With the first paddle stroke, the city life of noise, screens and stress immediately dissipates, giving way to the call of the loon, the soothing lap of water on canoe hull and a kind of serenity that I’ve found nowhere else on earth. That is, until Parker, our Labradoodle, decides quite some distance from the next portage that now’s a perfectly good time to find that ball, tucked somewhere within the bags of gear, food, drink and books, wedged between stern and bow of our 16-foot Prospector canoe. No, we did not tip, but imagine an excited 50-pound fur face inspecting every nook and cranny of said Prospector.

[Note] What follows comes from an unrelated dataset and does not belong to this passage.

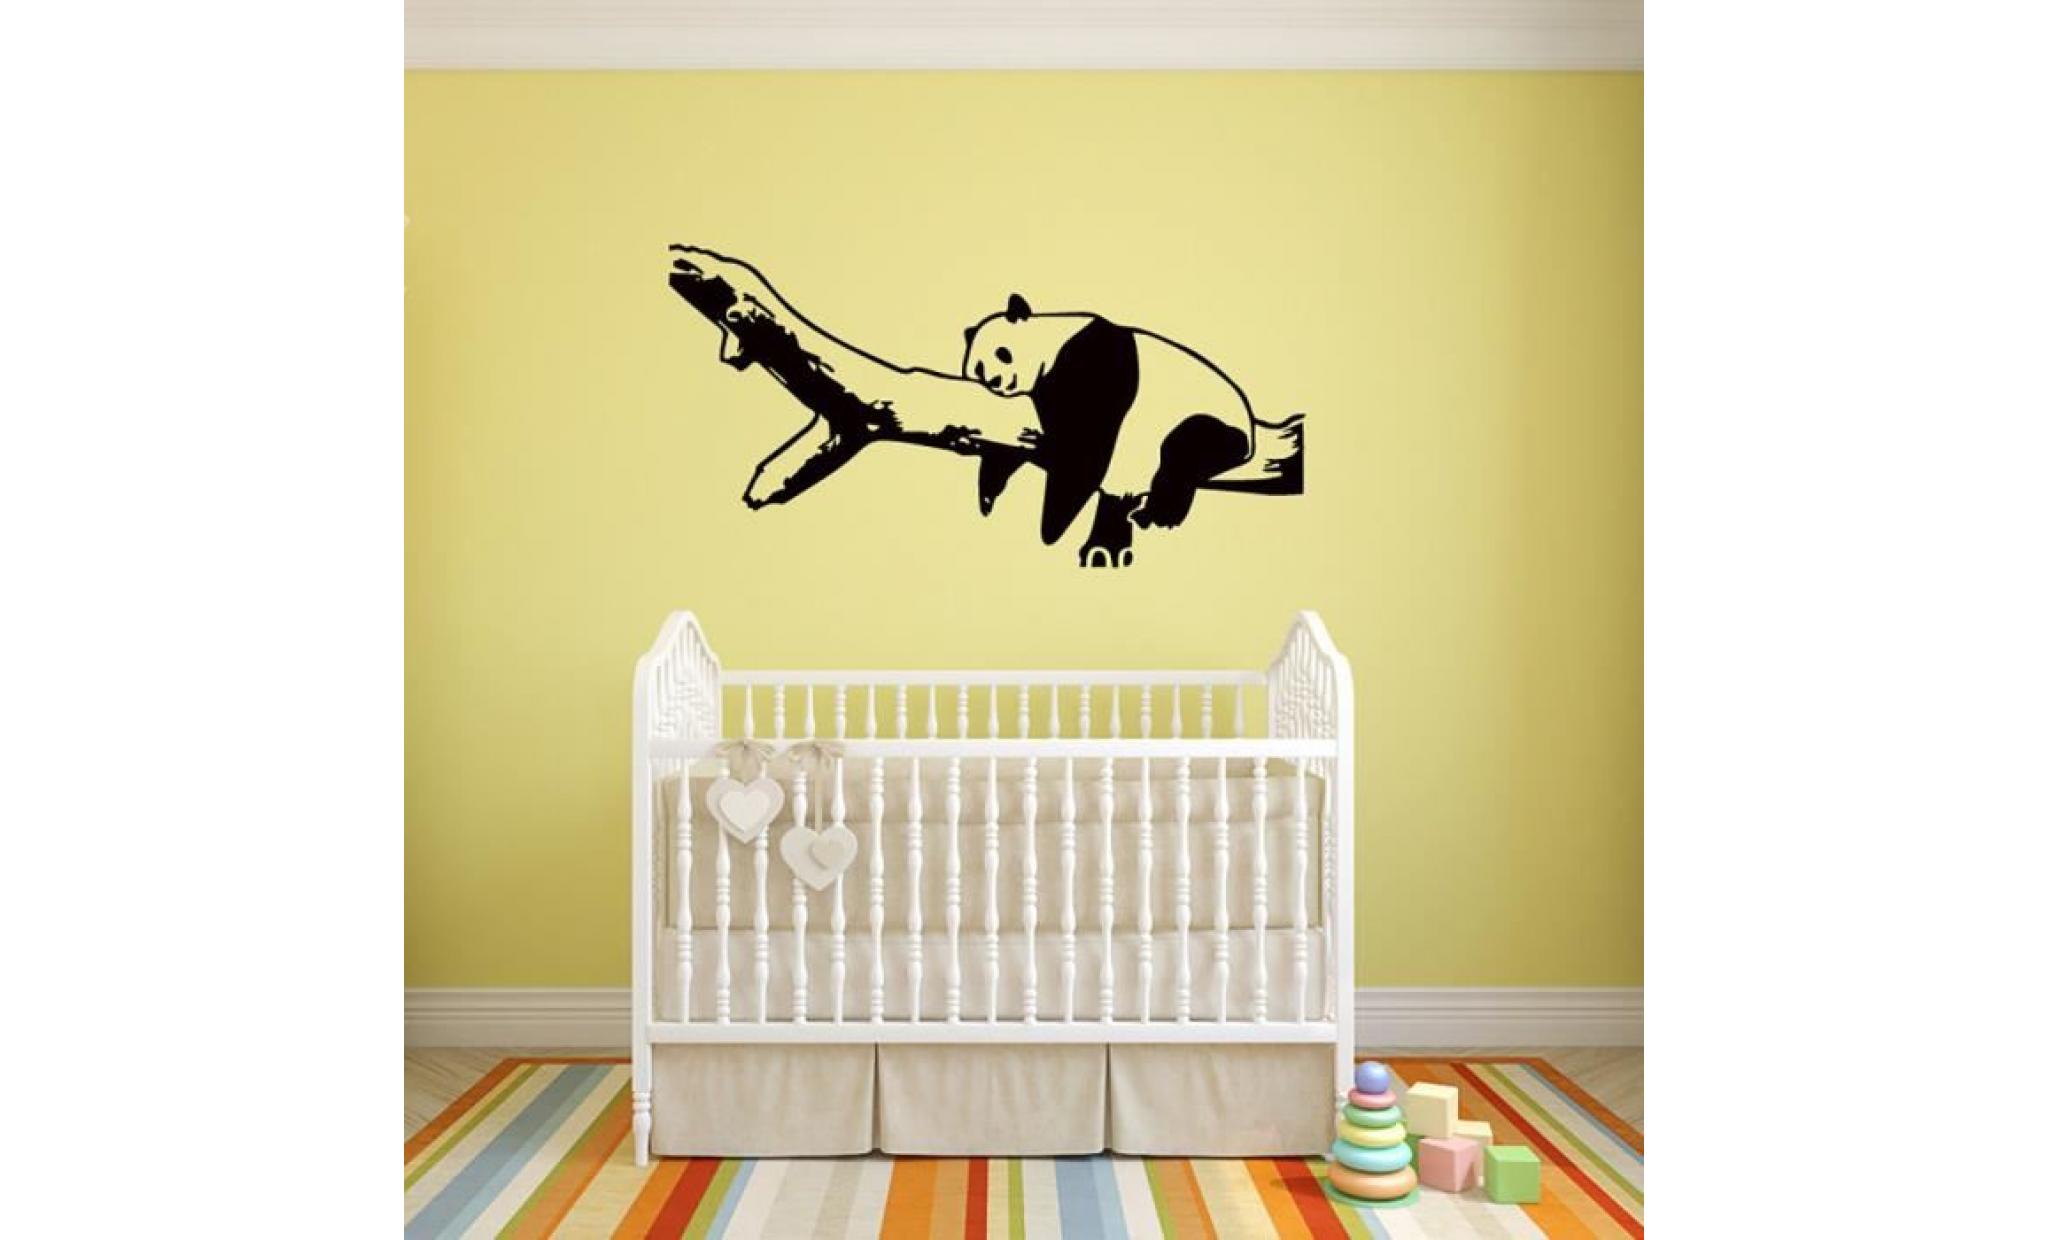 iportan® panda wall sticker amovible décalques art mural living room decors multicolore _love906 pas cher

But there was that one time when Parker — who joined me and my partner Michelle as a constant and rather unhelpful canoe-mate nine years ago — just fell overboard. We were on Smoke Lake, a large and often windswept access lake to interior lakes in Ontario’s Algonquin Park, when Parker, wearing a life-jacket with a handle and an awkward rigid back, lost her balance, and sploosh! In theory, a life-jacket with a handle and this very scenario is precisely why we bought the thing. But in practice, hauling a big soggy dog into a canoe loaded for a four-night trip a long way from shore seemed like a bad idea.
Instead, we aimed for a nearby island, and Parker, an excellent swimmer, got a workout. So began the latest of more than 25 years of getaways in the park — not one of them bad, even when it rained constant and hard. The anticipation begins each spring with map.